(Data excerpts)

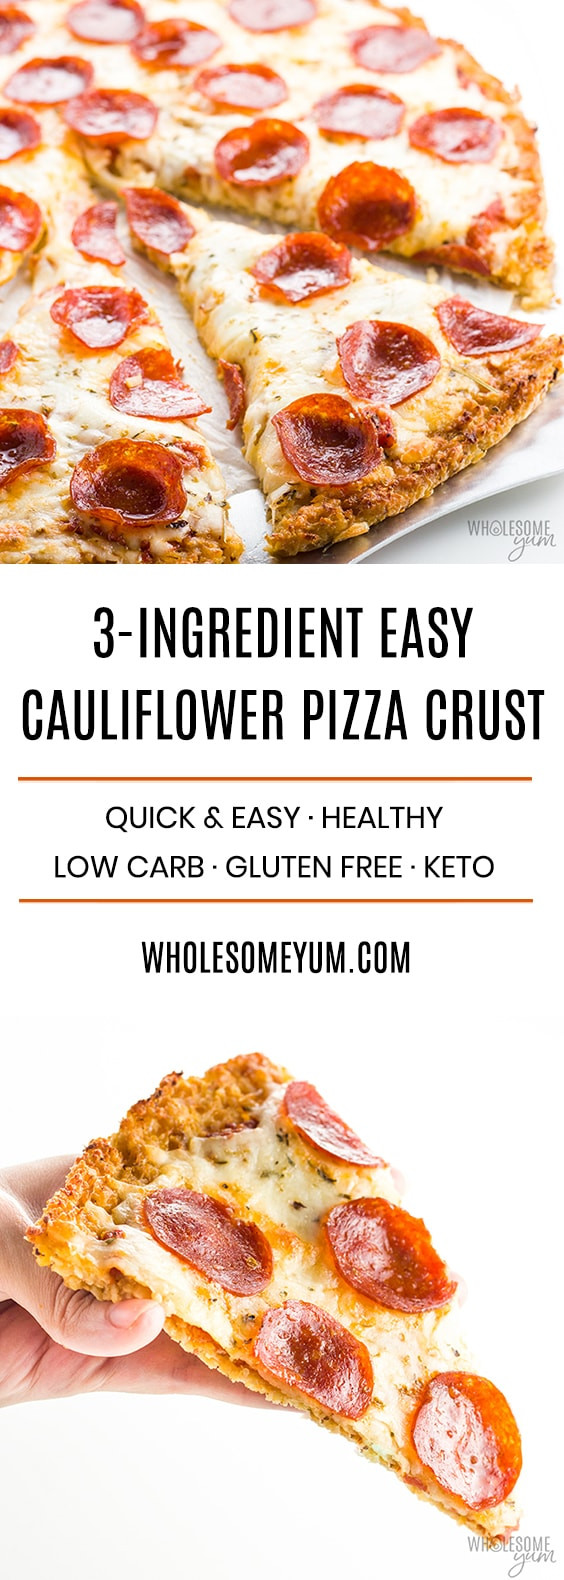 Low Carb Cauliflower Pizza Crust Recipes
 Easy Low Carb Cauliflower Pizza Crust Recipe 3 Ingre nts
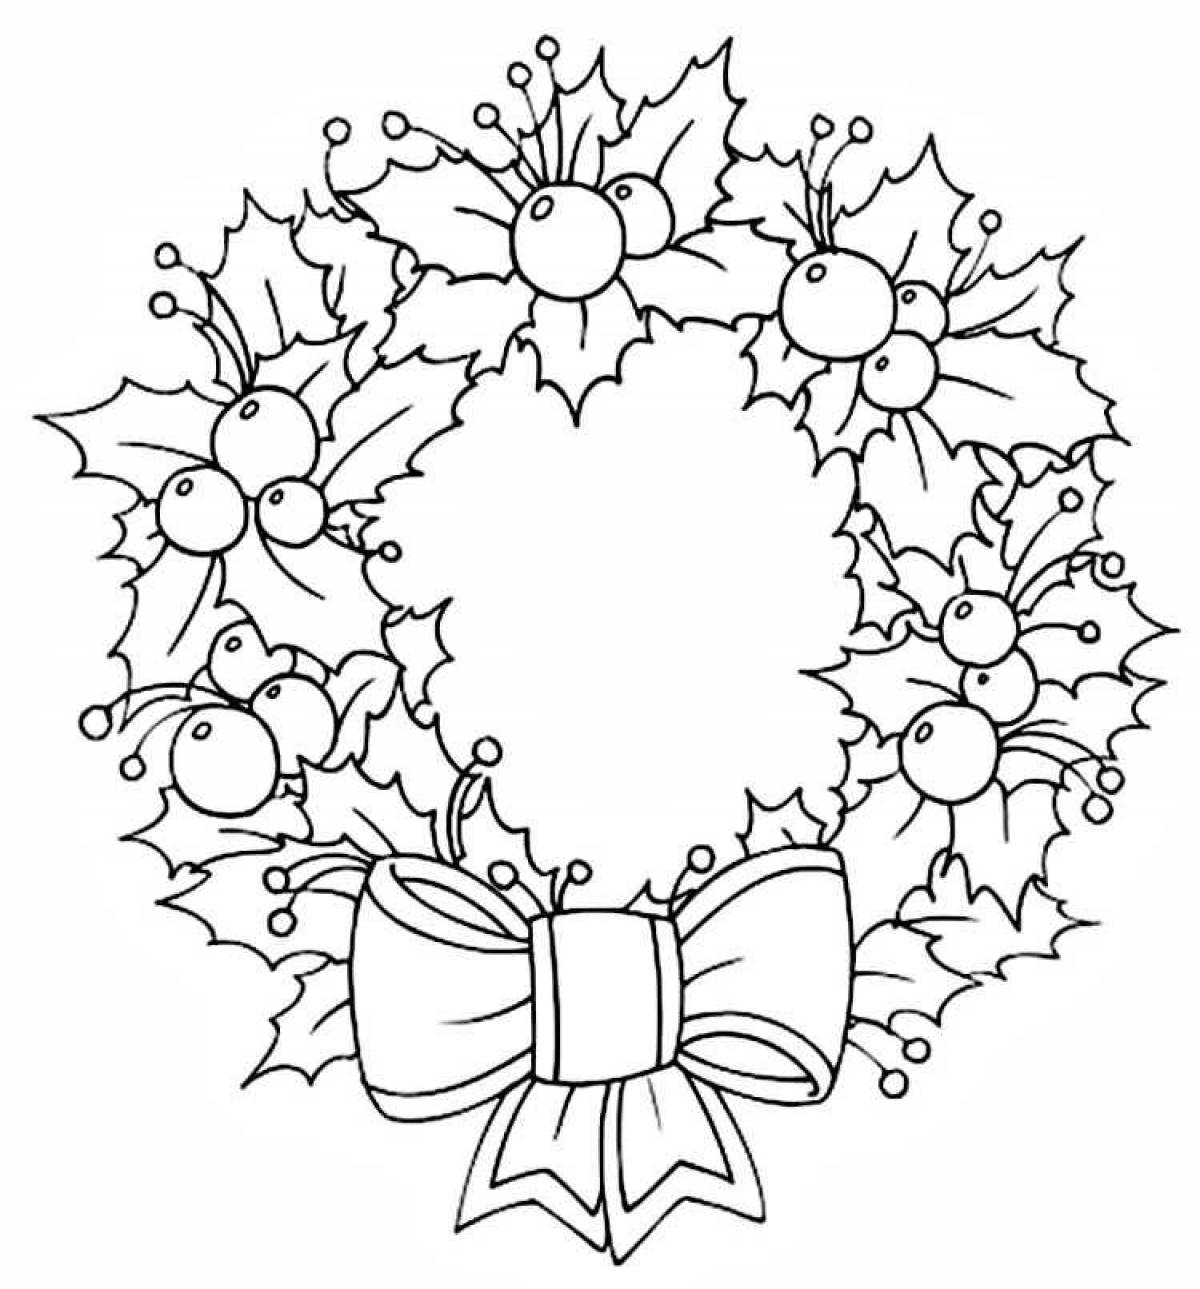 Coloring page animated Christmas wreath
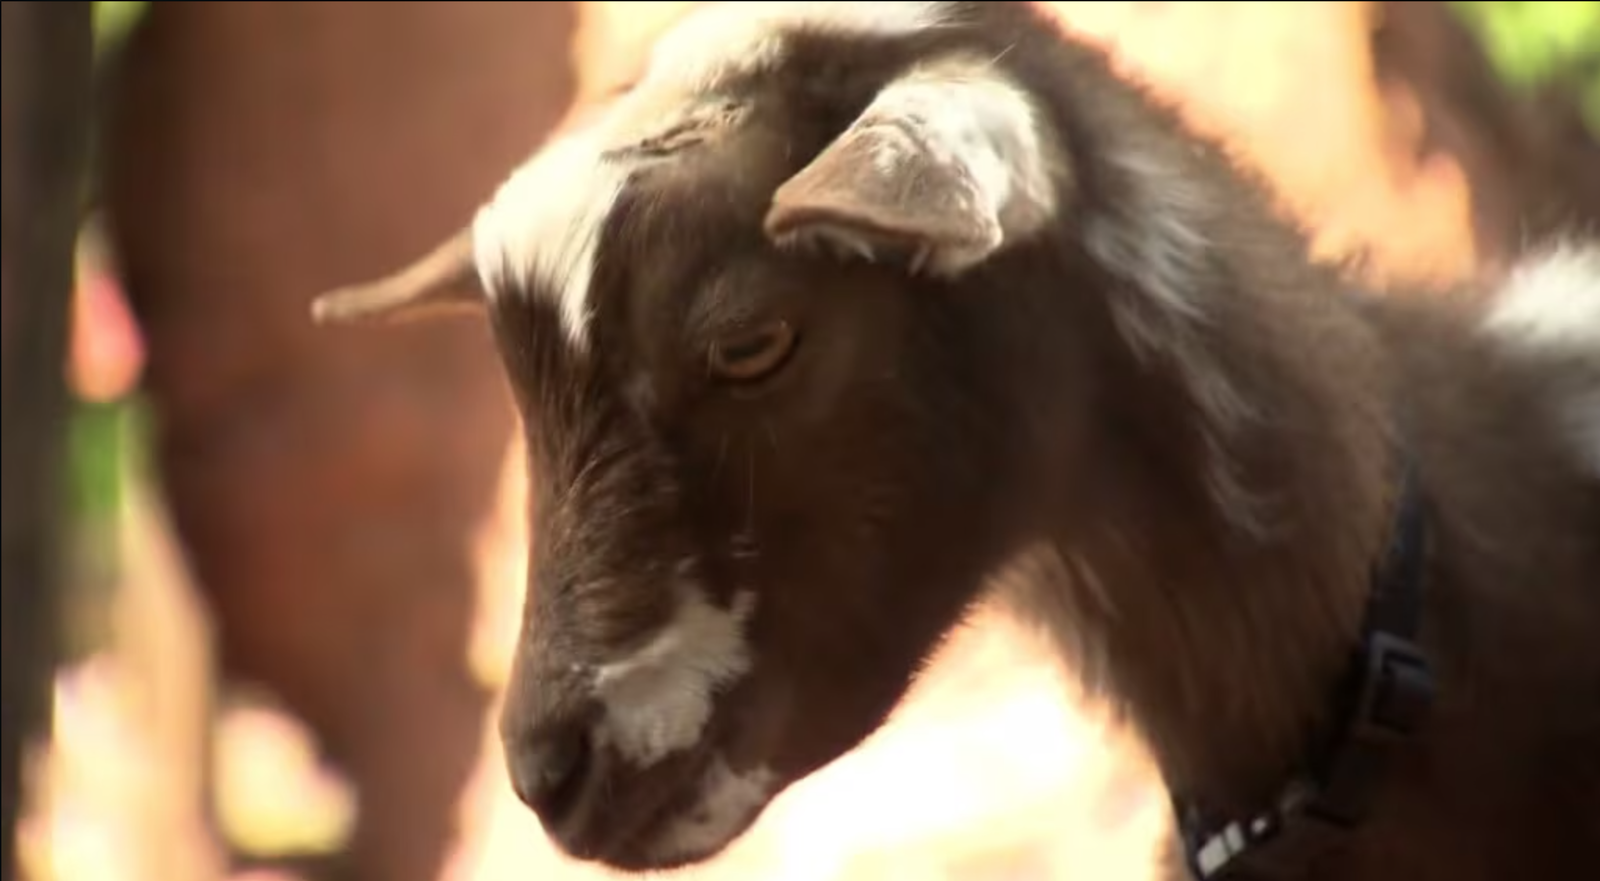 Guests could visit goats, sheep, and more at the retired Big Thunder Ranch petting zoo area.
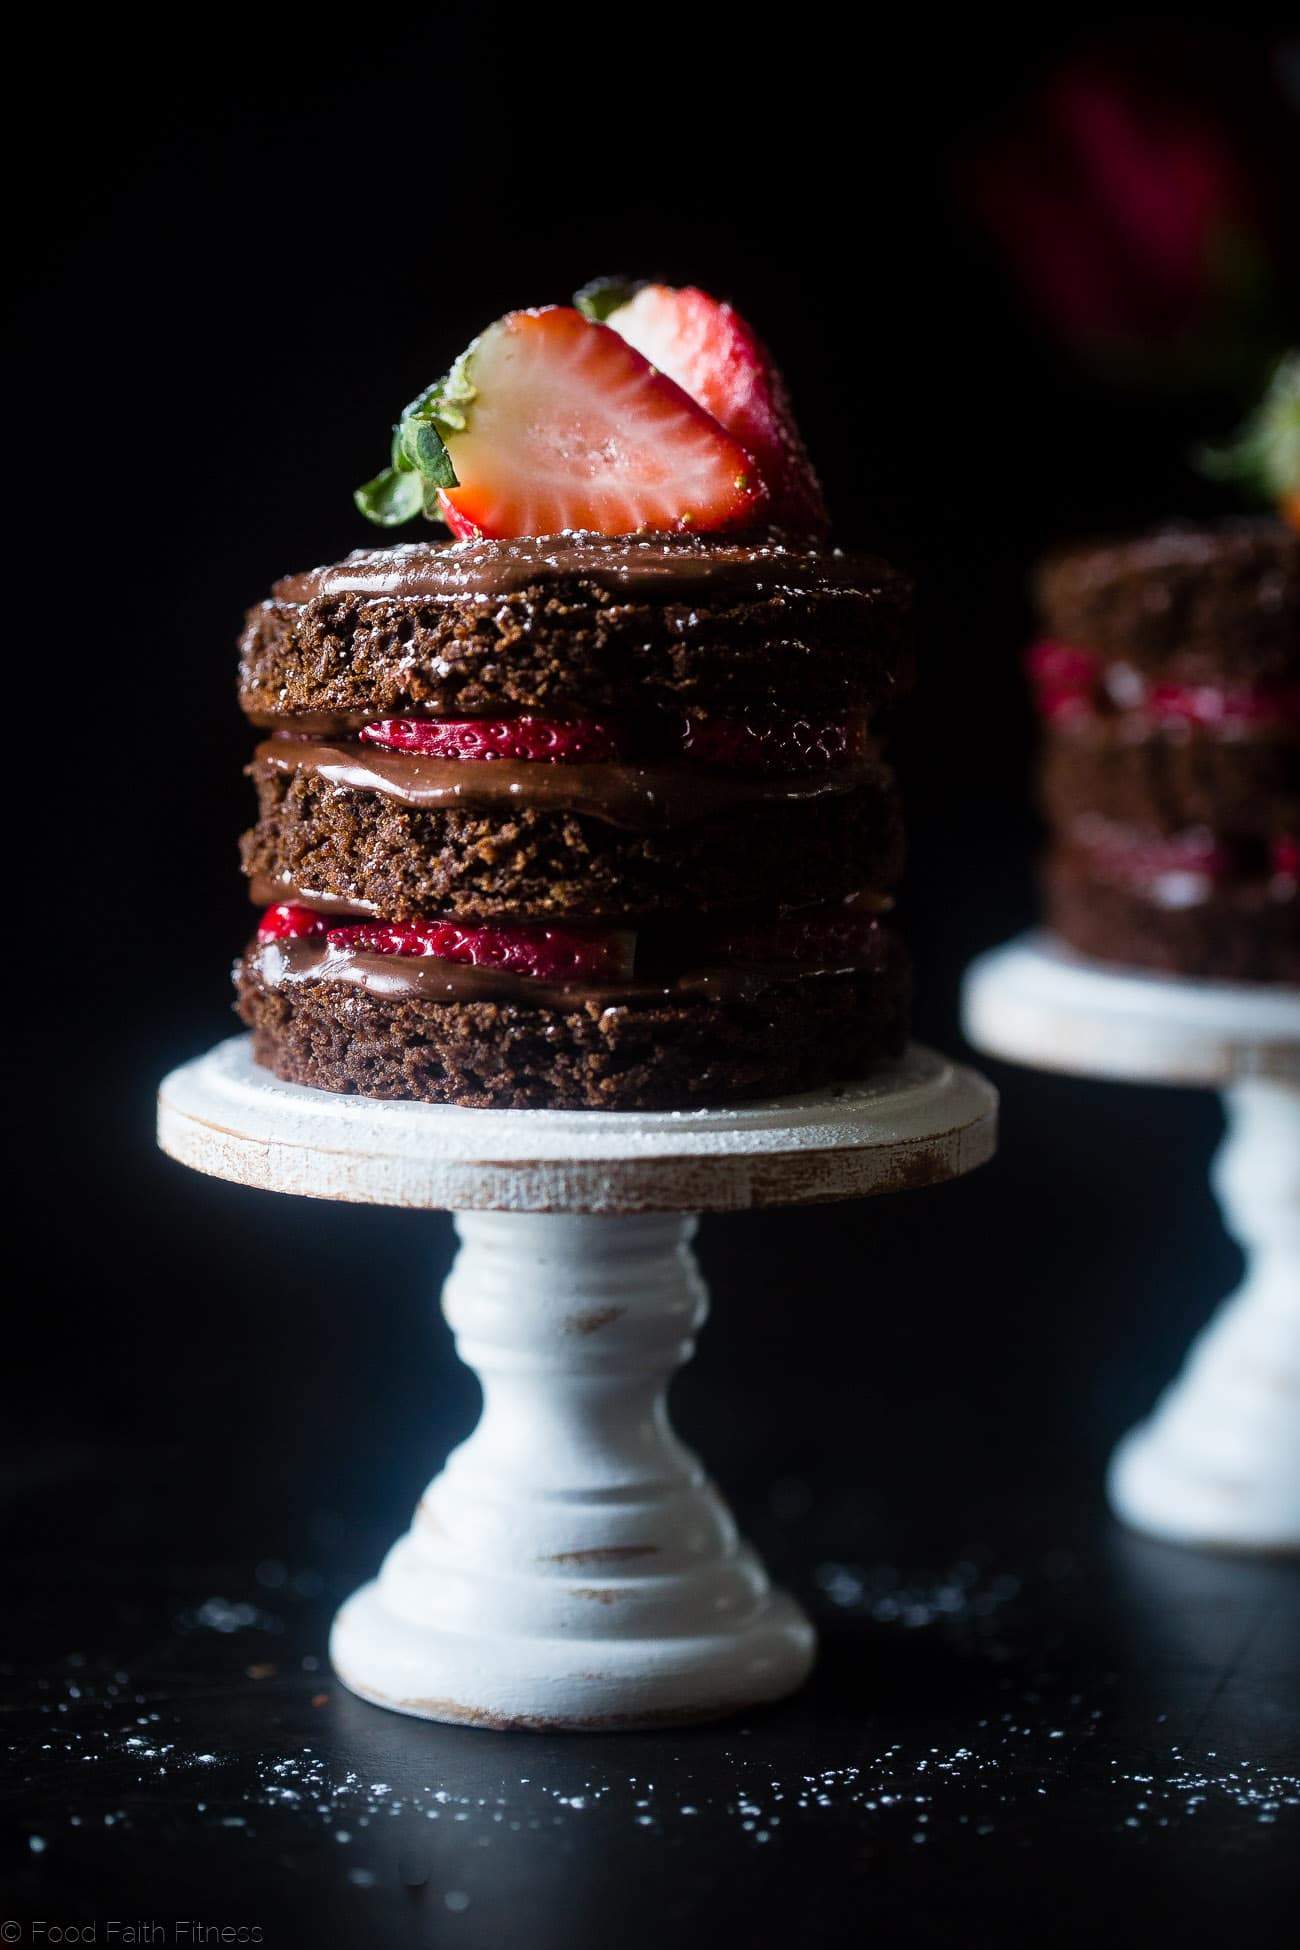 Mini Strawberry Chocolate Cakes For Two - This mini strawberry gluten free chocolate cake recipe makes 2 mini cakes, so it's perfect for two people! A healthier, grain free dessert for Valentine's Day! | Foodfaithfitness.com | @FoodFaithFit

#### Task objective:
Copy each line above precisely, dropping the pictures.

#### Solution for this task:
 Low Carb Cauliflower Pizza Crust Recipes
 Easy Low Carb Cauliflower Pizza Crust Recipe 3 Ingre nts
 Coloring page animated Christmas wreath
 Guests could visit goats, sheep, and more at the retired Big Thunder Ranch petting zoo area.
 Mini Strawberry Chocolate Cakes For Two - This mini strawberry gluten free chocolate cake recipe makes 2 mini cakes, so it's perfect for two people! A healthier, grain free dessert for Valentine's Day! | Foodfaithfitness.com | @FoodFaithFit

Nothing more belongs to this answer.